_TASK DETAILS_
The lines from the one holding "Piggybankbnw Jpg 1200" to the final line of the listing below are to be duplicated exactly, with both ends included and pictures omitted.
*** SUPPLIED MATERIAL ***
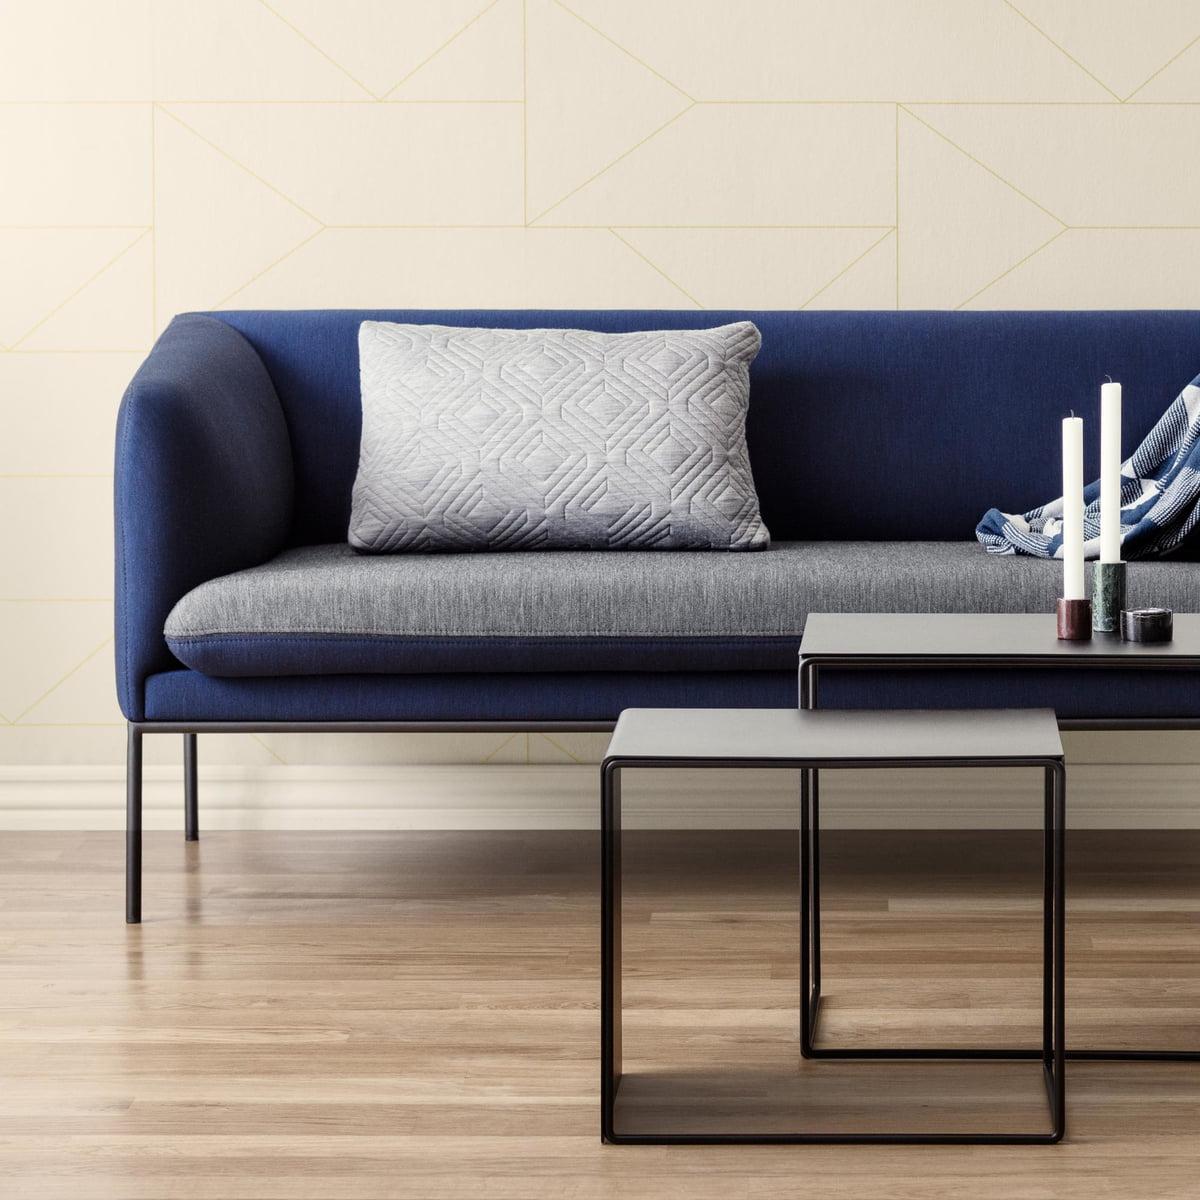 turn sofa 2 sitzer von ferm living. Black Bedroom Furniture Sets. Home Design Ideas
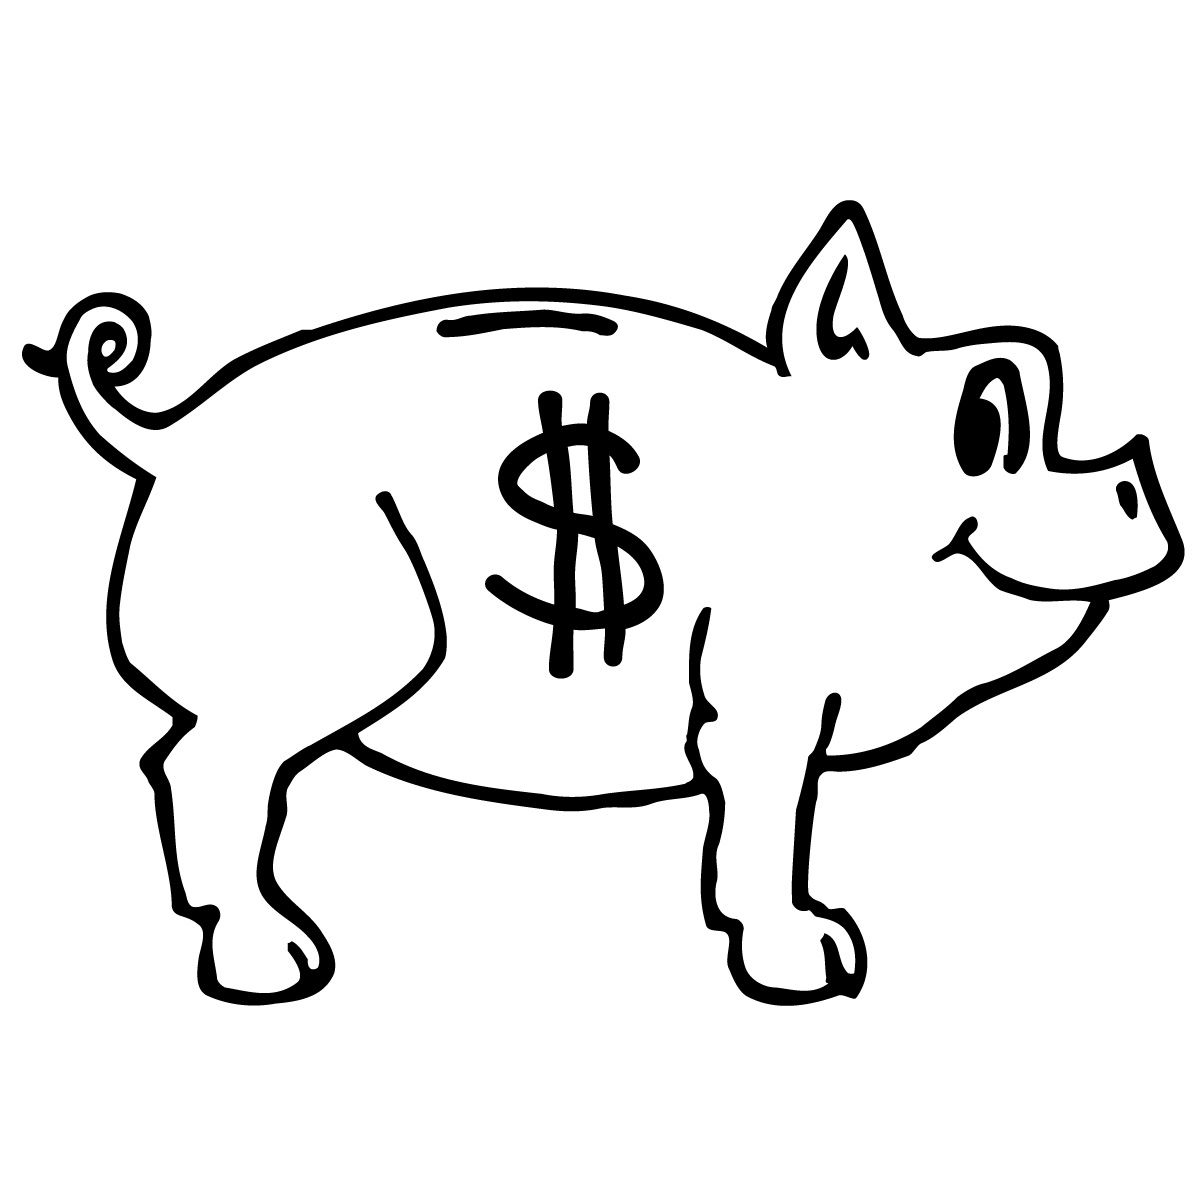 Piggybankbnw Jpg 1200 1200 Coloring Pages American Dollar Piggy
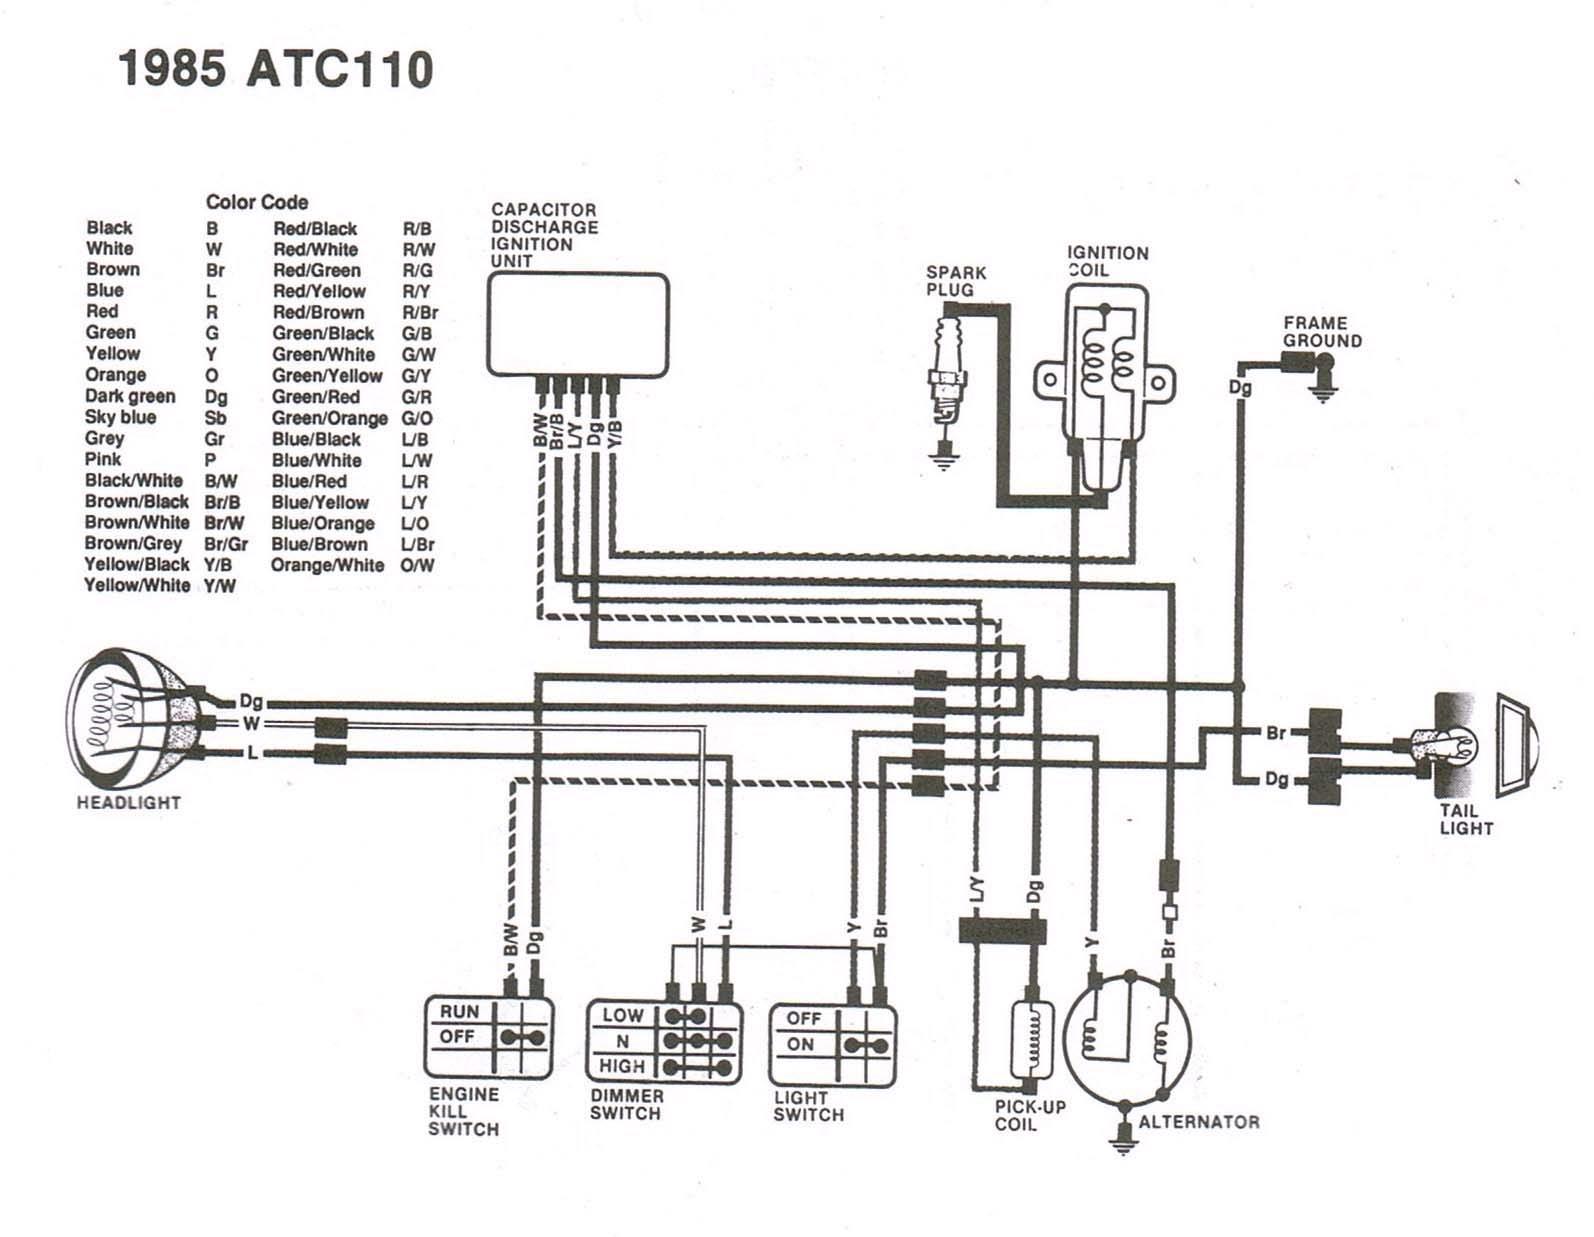 1973 Honda St90 Wiring Diagram
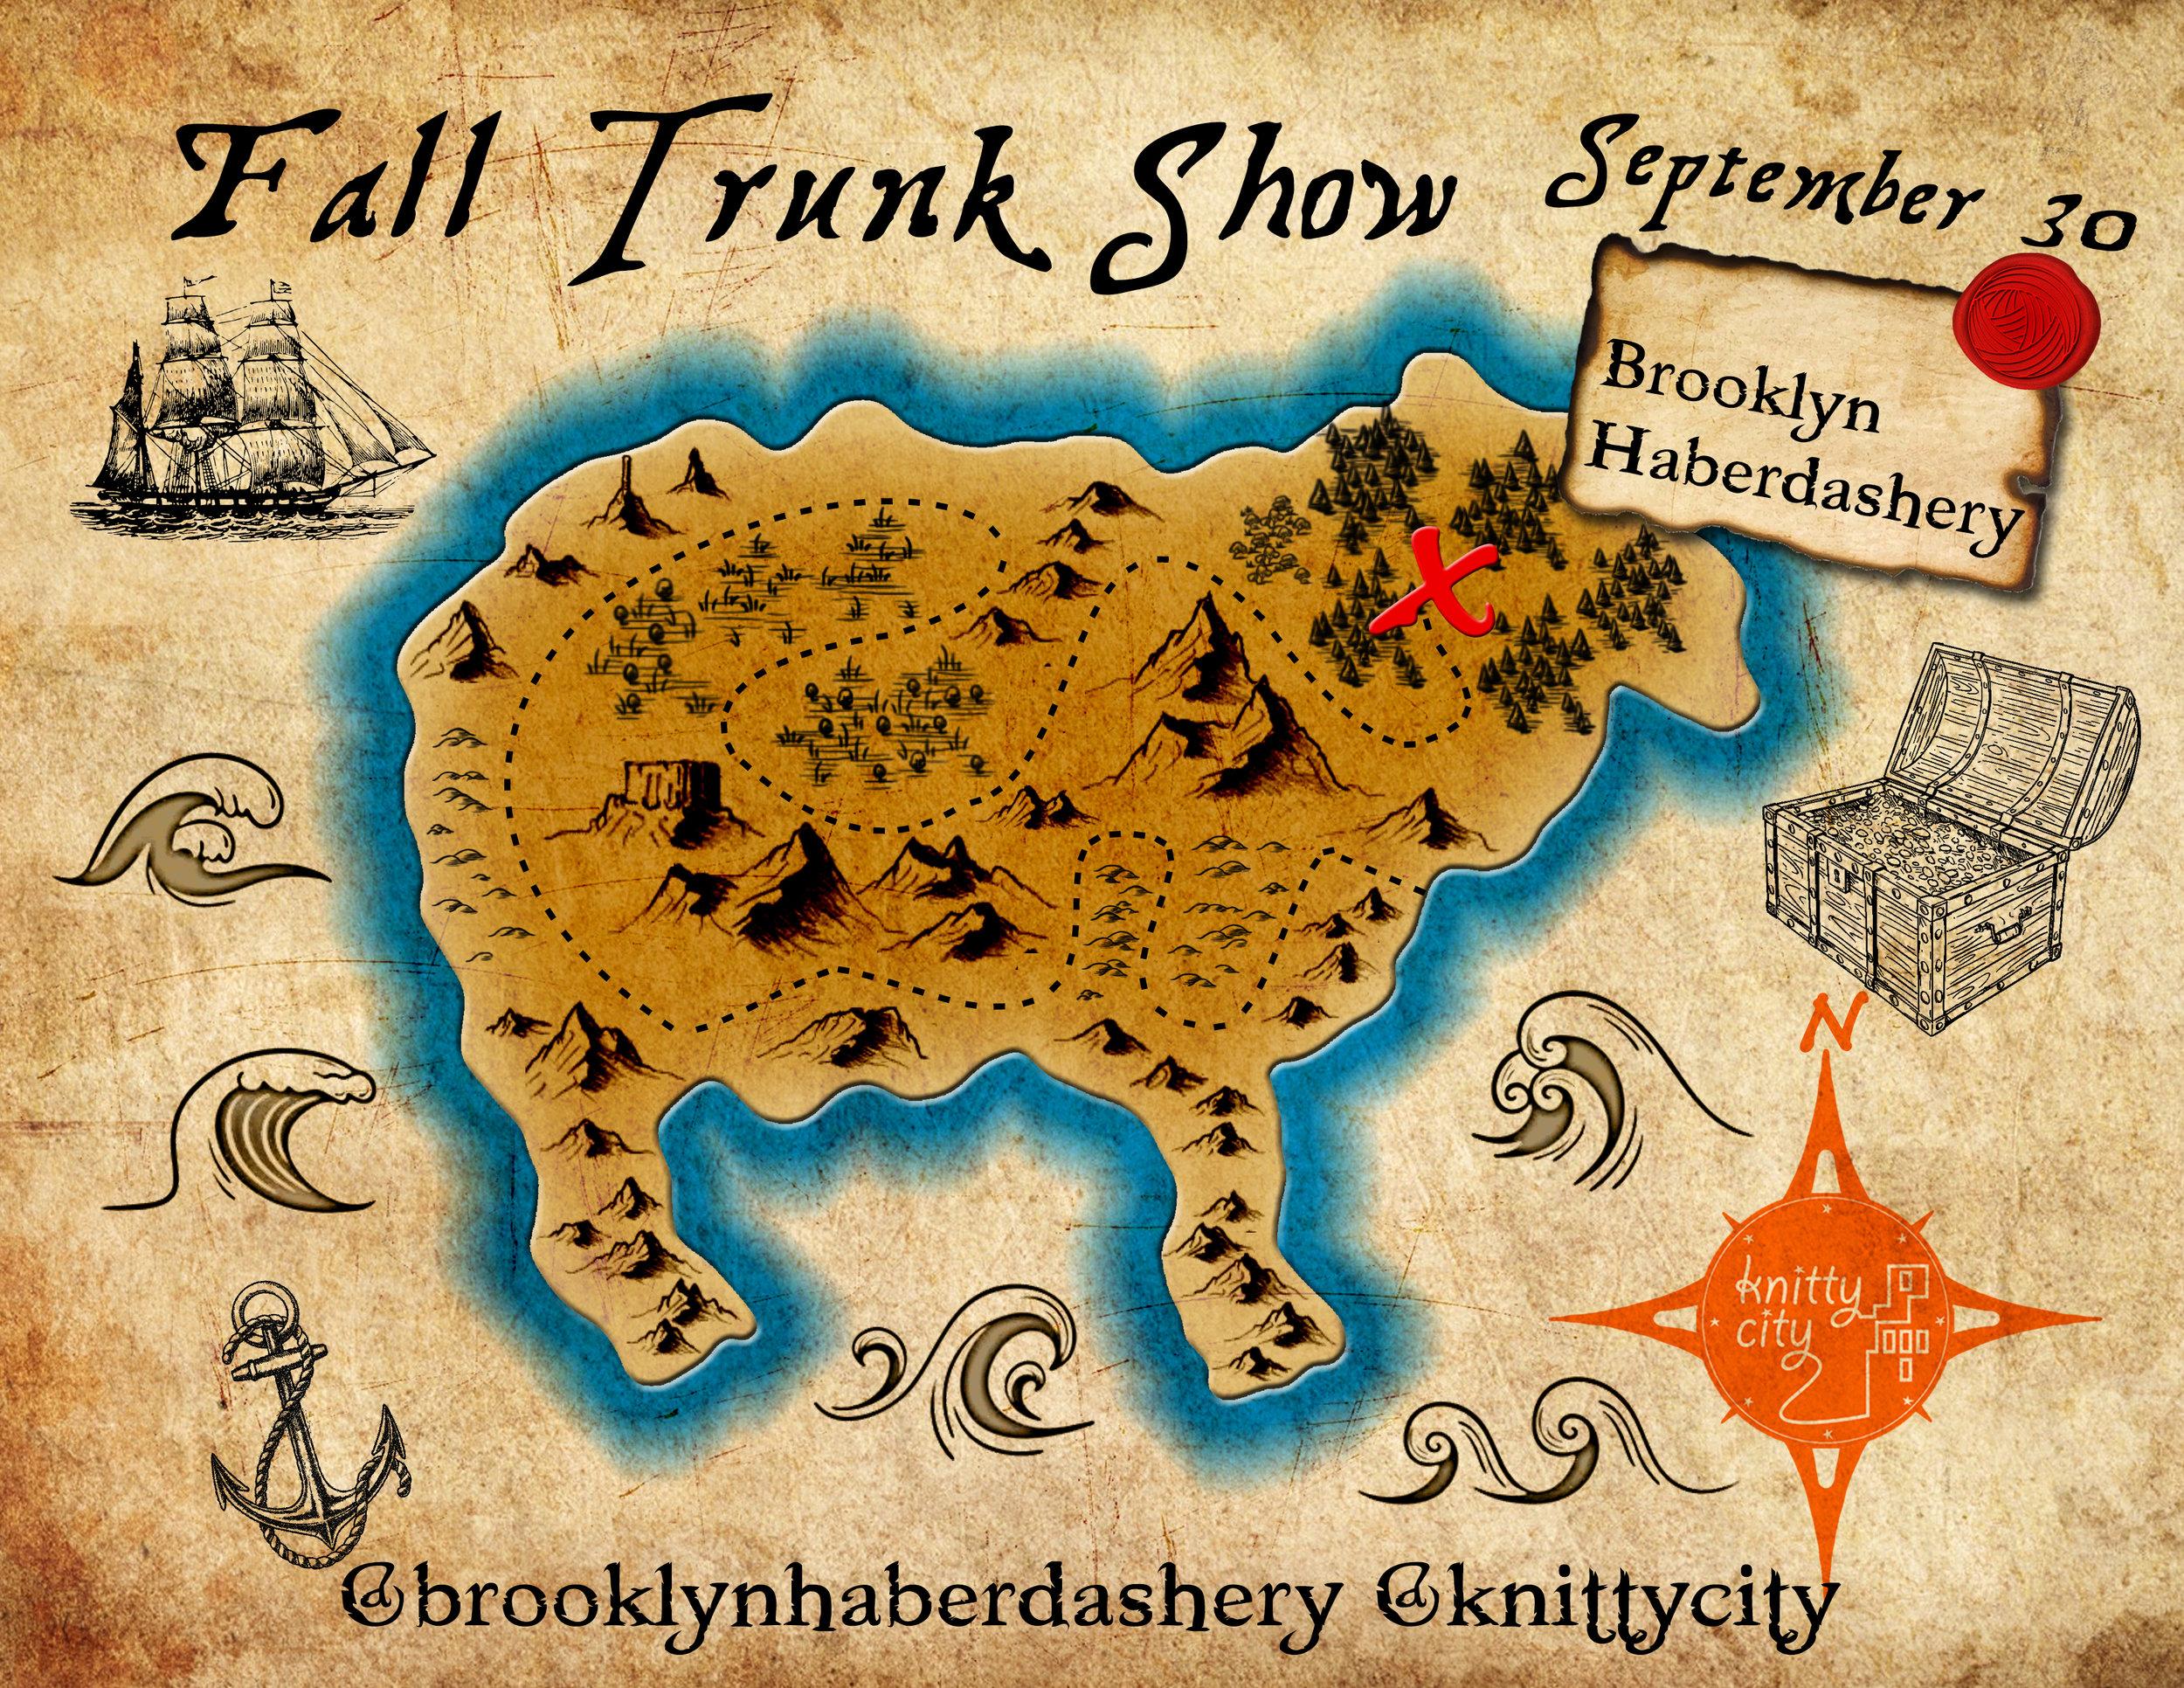 Treasure Map Brooklyn Haberdashery.jpg
*** End of SUPPLIED MATERIAL ***
_EXERCISE ANSWER_
 Piggybankbnw Jpg 1200 1200 Coloring Pages American Dollar Piggy
 1973 Honda St90 Wiring Diagram
 Treasure Map Brooklyn Haberdashery.jpg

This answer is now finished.